Start of INPUT MATERIAL

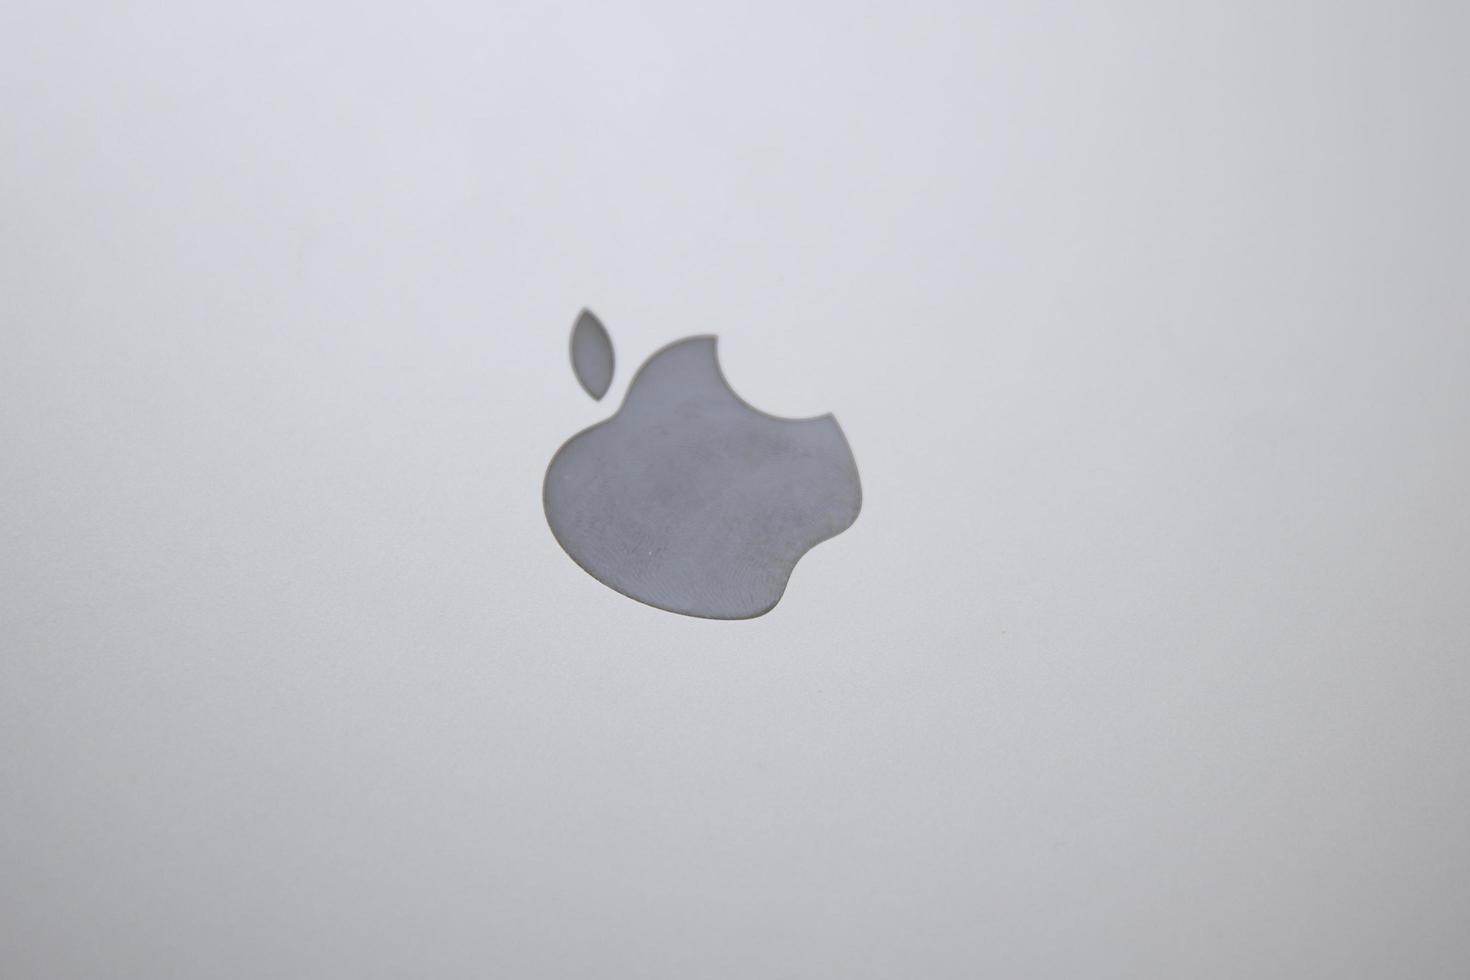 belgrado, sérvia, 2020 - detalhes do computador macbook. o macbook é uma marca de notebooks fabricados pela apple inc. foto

End of INPUT MATERIAL
Start of INPUT MATERIAL

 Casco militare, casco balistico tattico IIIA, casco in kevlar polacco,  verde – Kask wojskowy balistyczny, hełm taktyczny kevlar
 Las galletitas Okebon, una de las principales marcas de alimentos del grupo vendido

End of INPUT MATERIAL

▶ TASK ITEM
Your answer should consist solely of the lines above from the line with "Casco militare, casco" to the line with "Las galletitas Okebon, una", both included, reproduced exactly.

▶ YOUR SOLUTION
 Casco militare, casco balistico tattico IIIA, casco in kevlar polacco,  verde – Kask wojskowy balistyczny, hełm taktyczny kevlar
 Las galletitas Okebon, una de las principales marcas de alimentos del grupo vendido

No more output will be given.